El problema es que no proporciona directamente contenido pirateado, sino que funciona como un reproductor en el que los usuarios pueden cargar estas listas de enlaces. A pesar de ello, LaLiga sostiene que su existencia facilita el acceso a emisiones ilegales y, por tanto, debe ser considerada una herramienta de piratería.

Desde el punto de vista legal, la defensa de NewPlay argumenta que la aplicación en sí misma no infringe derechos de autor, ya que no almacena ni transmite contenido ilegal.

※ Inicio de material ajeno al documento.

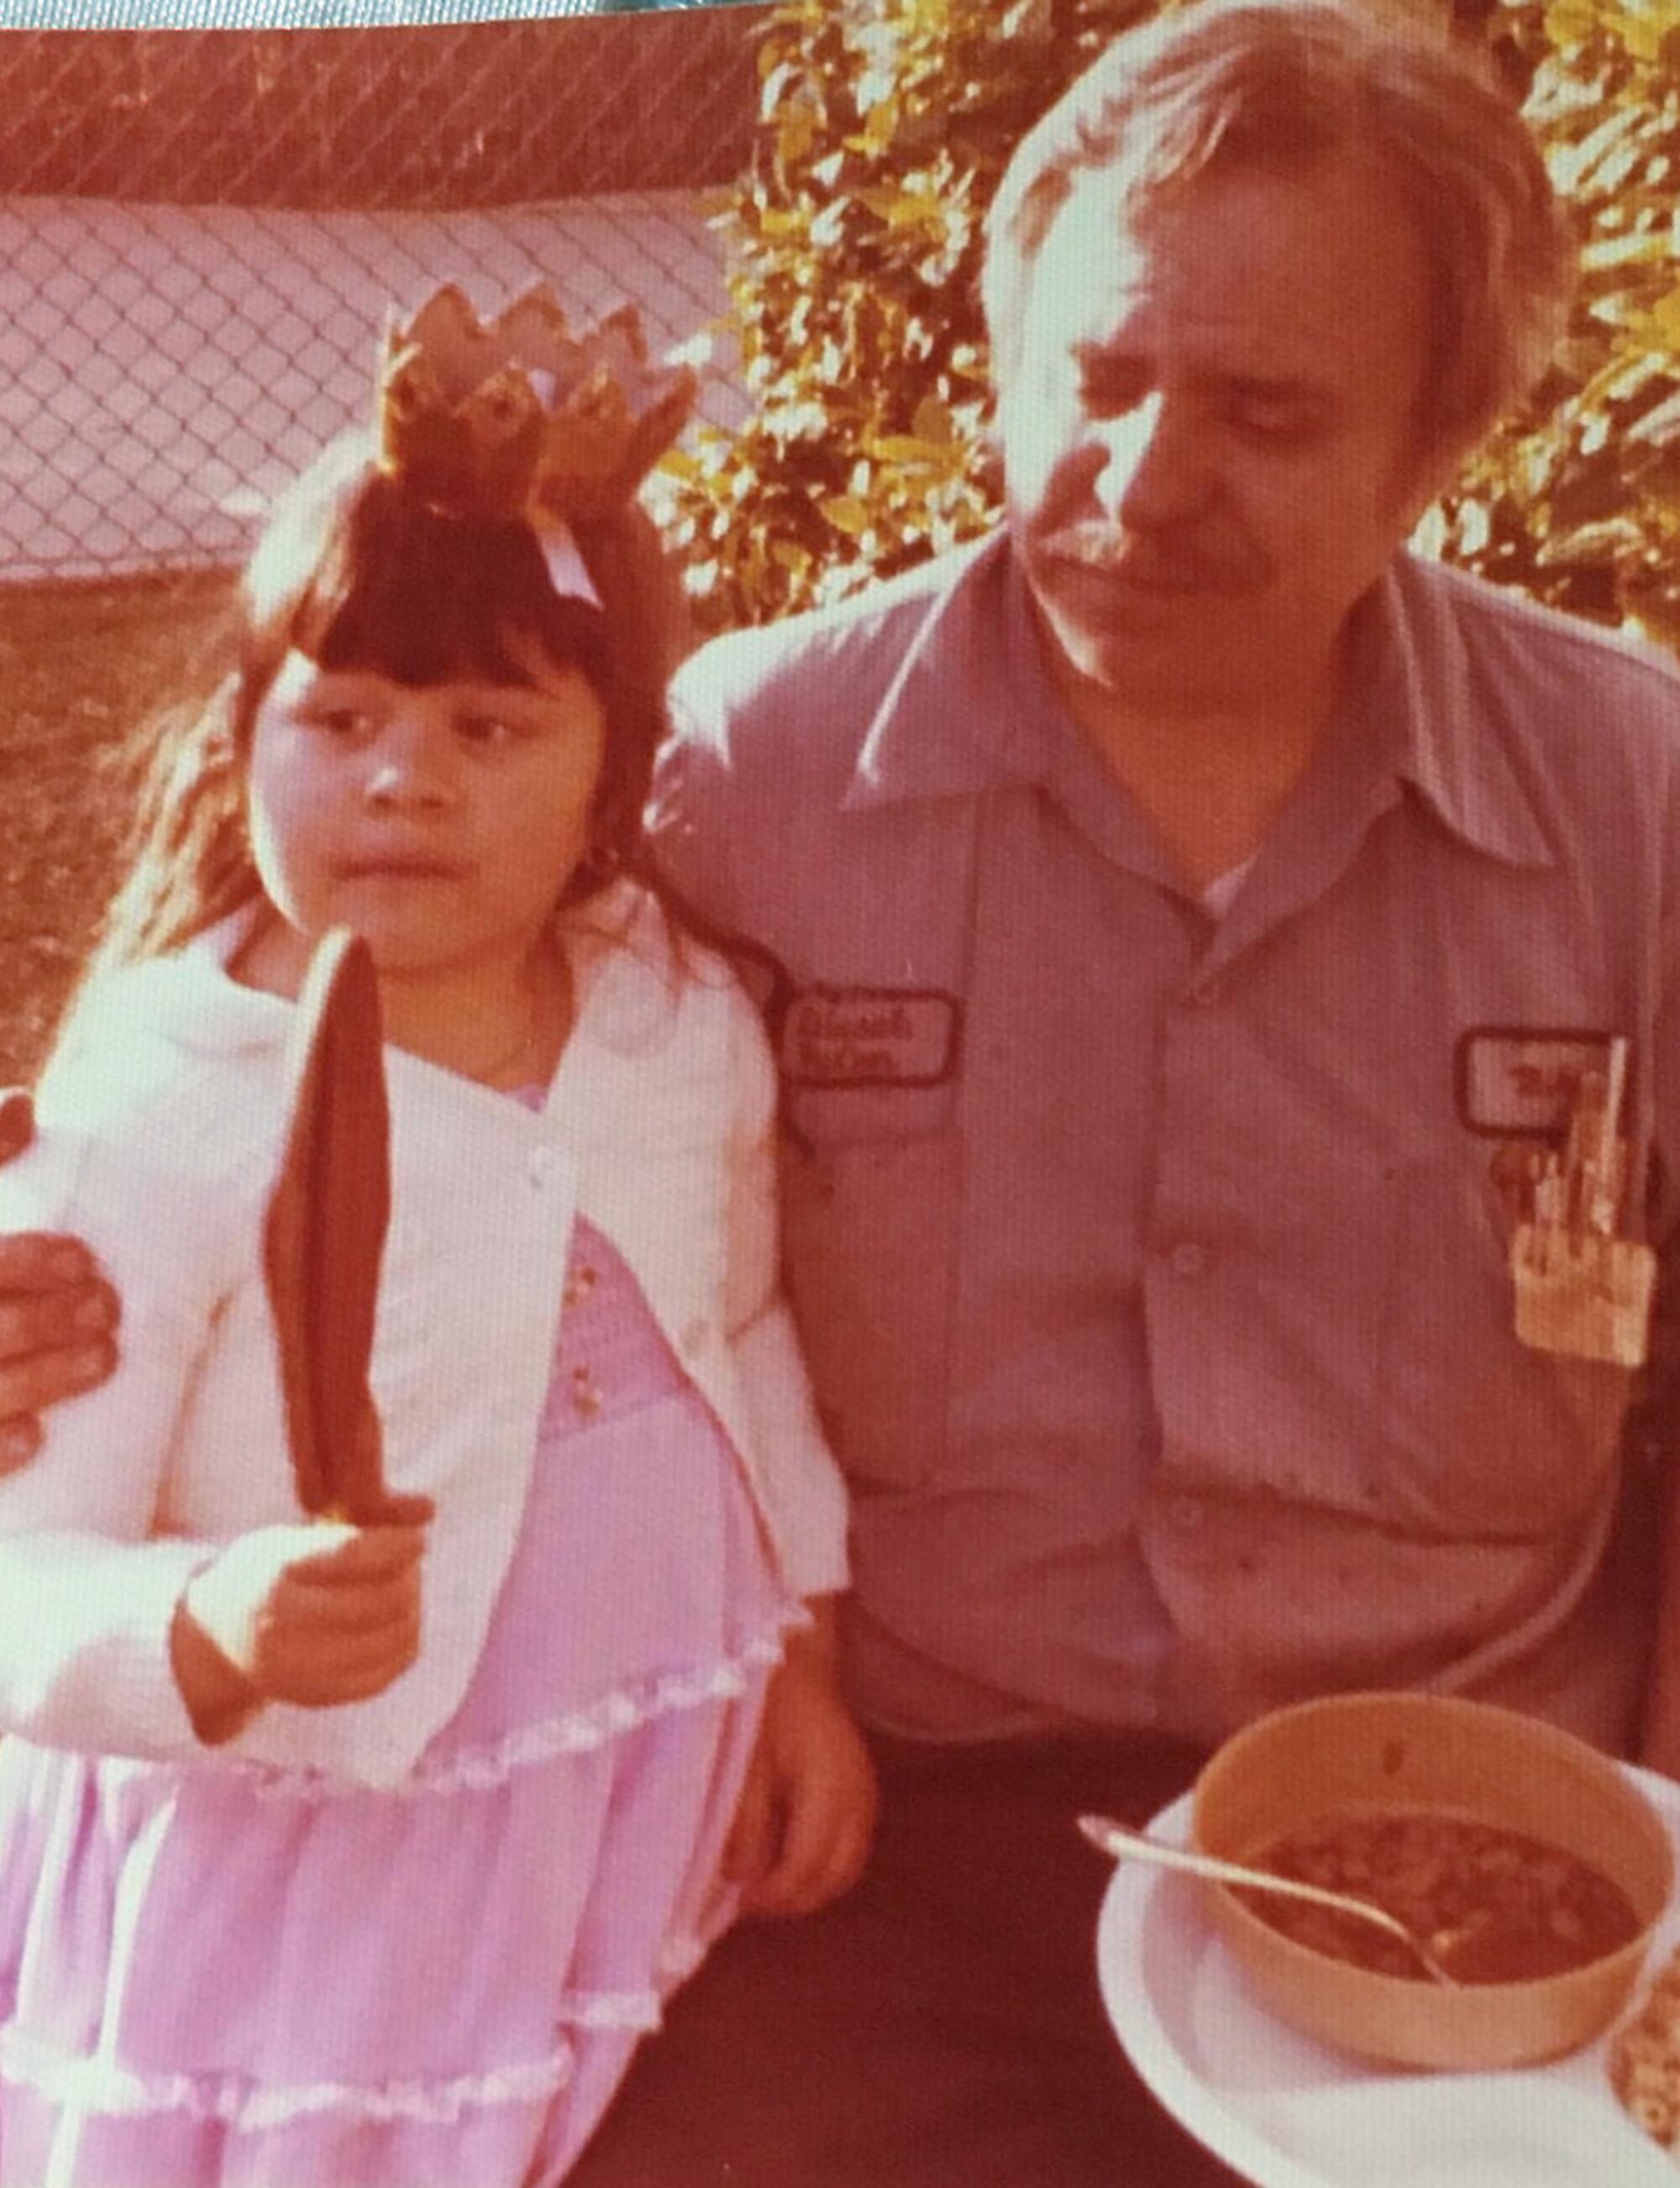 An old photo of a grandfather, right, with his arm around a young girl wearing a crown 
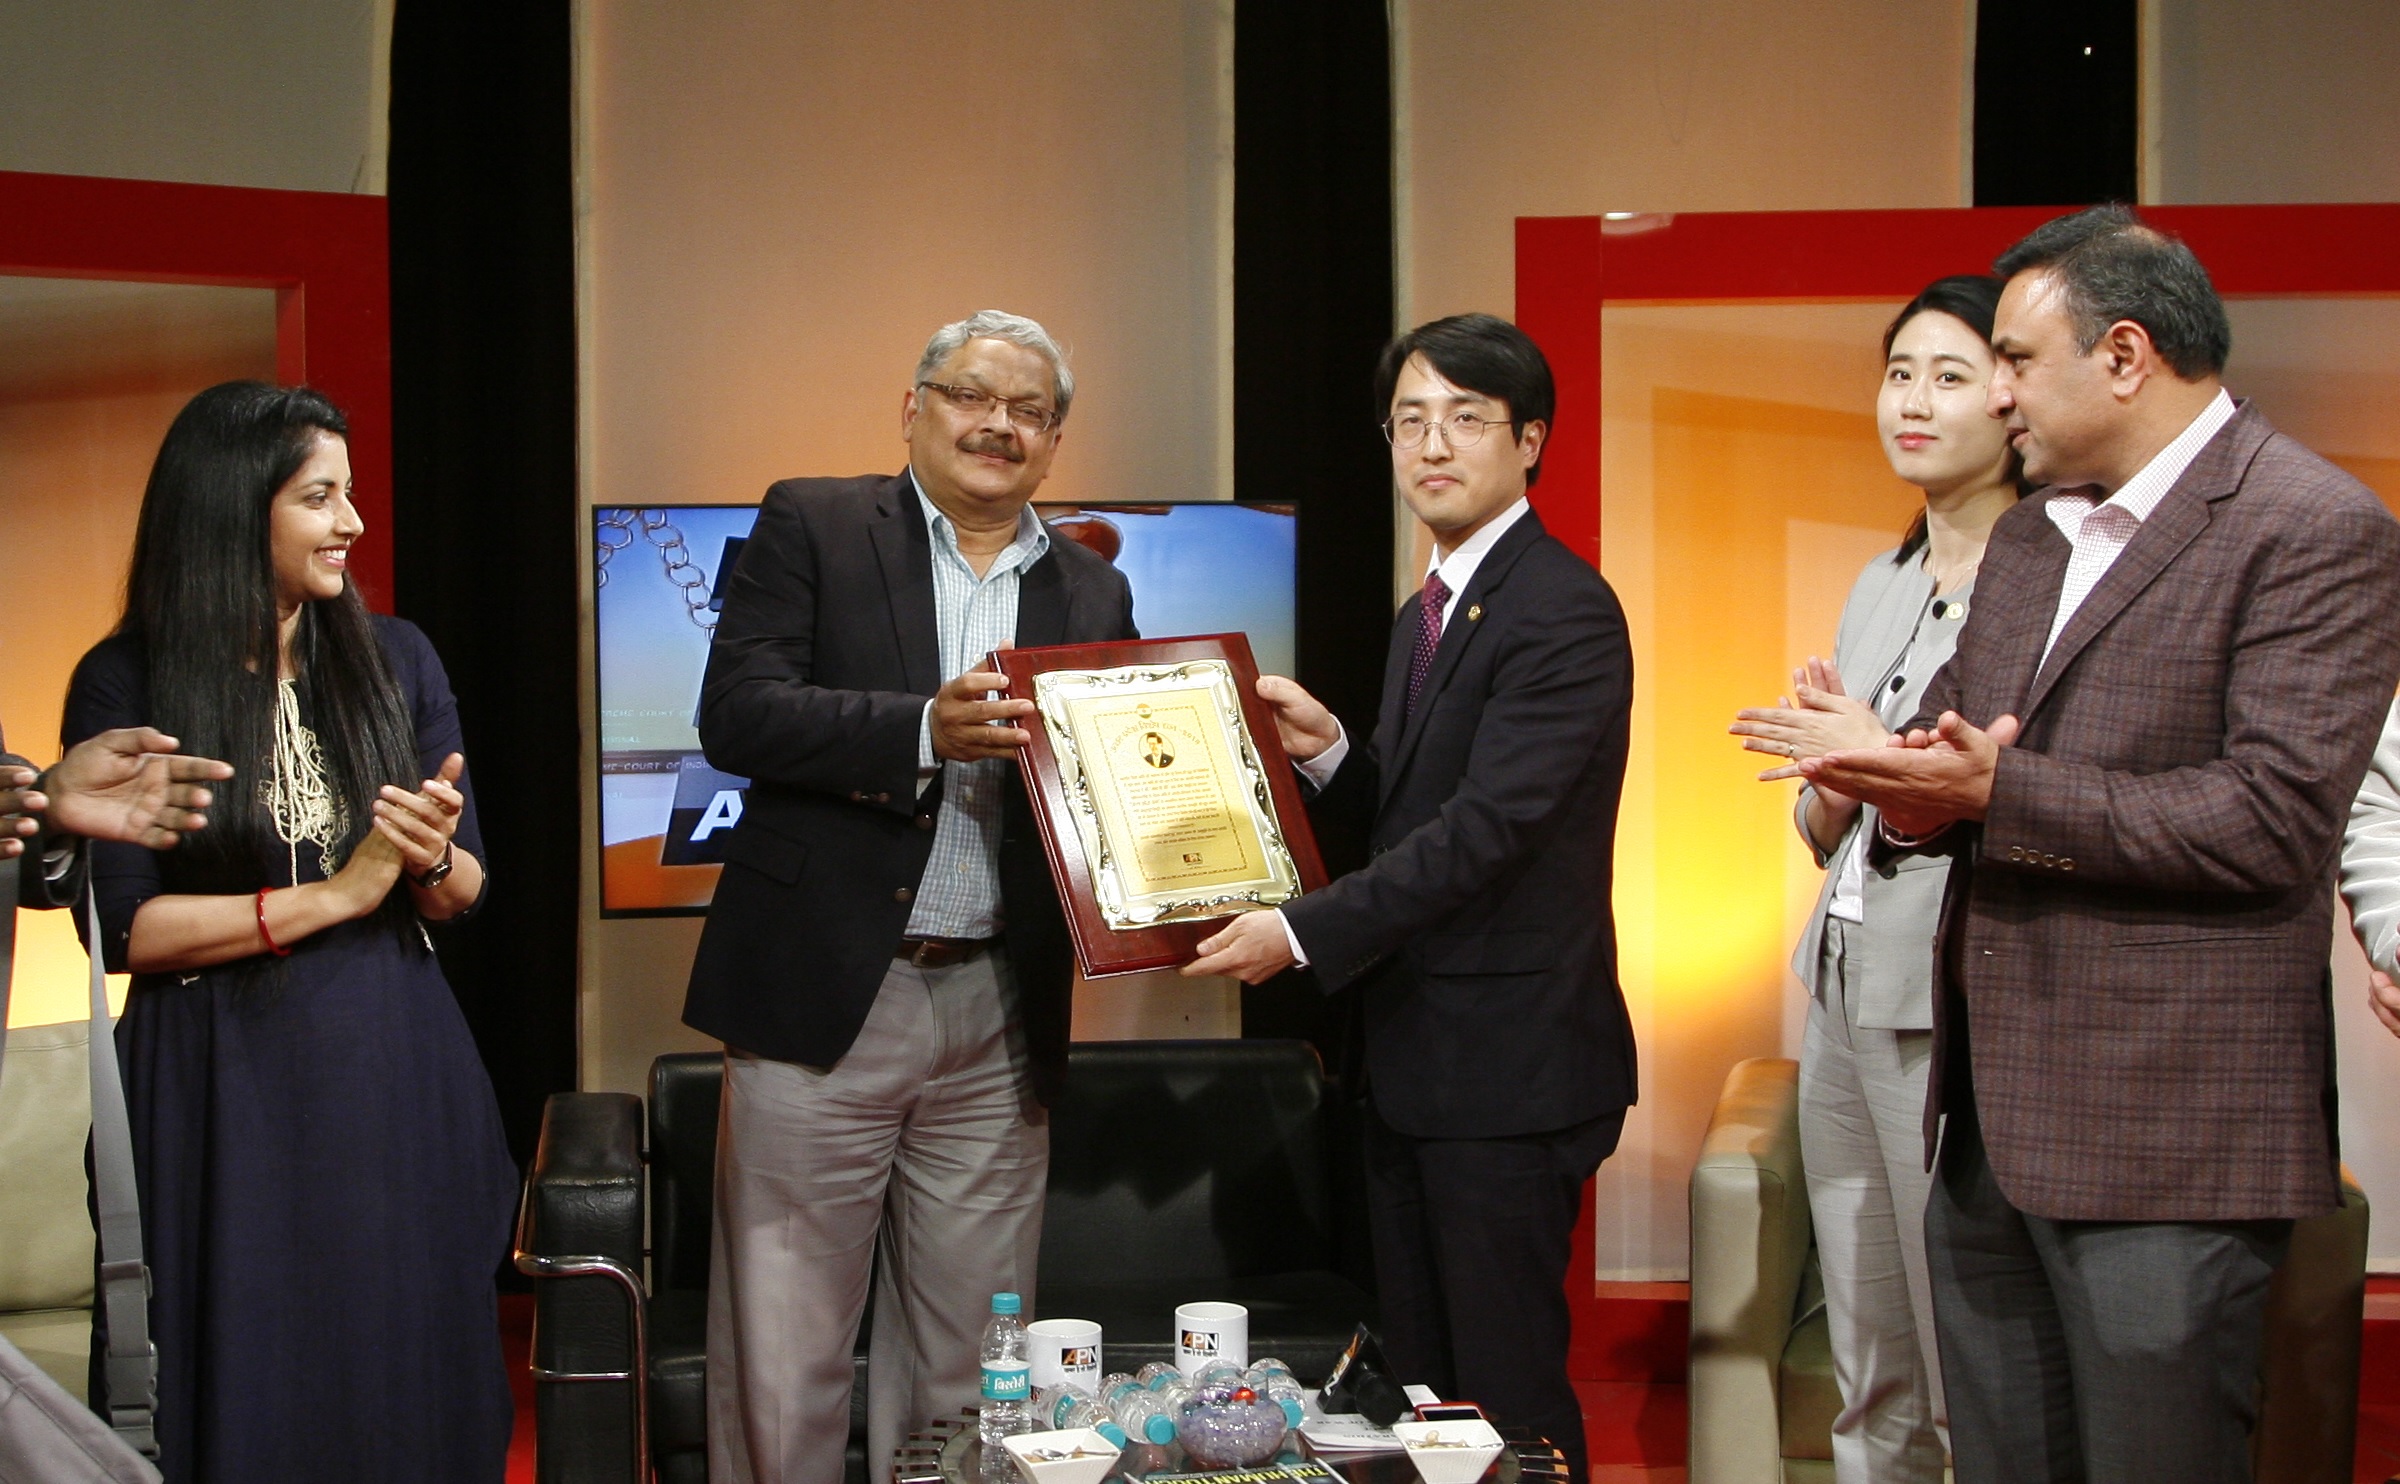 Man Lee Hee – man fighting for global peace honored with UP Ratna

Sin embargo, Javier Tebas ha dejado claro que, para él, la responsabilidad recae sobre las plataformas que permiten su distribución, en este caso Google y Huawei.

Por este motivo, busca establecer un precedente que permita responsabilizar a las grandes tecnológicas por las ganancias obtenidas a través de la piratería, una postura que podría cambiar las reglas del juego en la lucha contra la distribución ilegal de contenido.

LaLiga intensifica su lucha: bloqueo masivo de direcciones IP

Además de la batalla contra las aplicaciones, LaLiga ha emprendido una ofensiva contra la infraestructura de internet que facilita la piratería. En los últimos meses, la organización ha bloqueado direcciones IP asociadas a Cloudflare, con el objetivo de frenar la retransmisión ilegal de partidos.

En esta lucha, Javier Tebas y compañía cuentan con el respaldo de Telefónica, Mediapro y EGEDA, que apoyan su estrategia de cerrar cualquier vía que permita la difusión no autorizada de los encuentros de fútbol. 

Sin embargo, los efectos de estos bloqueos han generado controversia, ya que han afectado a webs legítimas de medios de comunicación, tiendas online e incluso páginas de particulares que nada tienen que ver con las transmisiones ilegales.

El impacto de estas restricciones ha sido tan grande que algunos expertos en telecomunicaciones advierten que la estrategia de LaLiga podría estar teniendo un efecto contrario al deseado. En lugar de frenar la piratería, la caída de páginas y servicios podría empujar a más usuarios a buscar alternativas ilegales que les ofrezcan acceso estable al contenido.

Cabe señalar que el mensaje de Javier Tebas es claro: no se quedará de brazos cruzados. La organización está tomando medidas enérgicas a nivel de aplicaciones y de infraestructura de internet, presionando a empresas como Google, Huawei y Cloudflare para que asuman su responsabilidad en la distribución de contenido ilegal.

La cuestión ahora es si estas acciones lograrán reducir realmente la piratería o si, por el contrario, provocarán un crecimiento de alternativas aún más difíciles de rastrear. Lo cierto es que la lucha está lejos de terminar, y las decisiones que se tomen en los tribunales podrían sentar un precedente con implicaciones para las plataformas digitales y los derechos de transmisión en el futuro.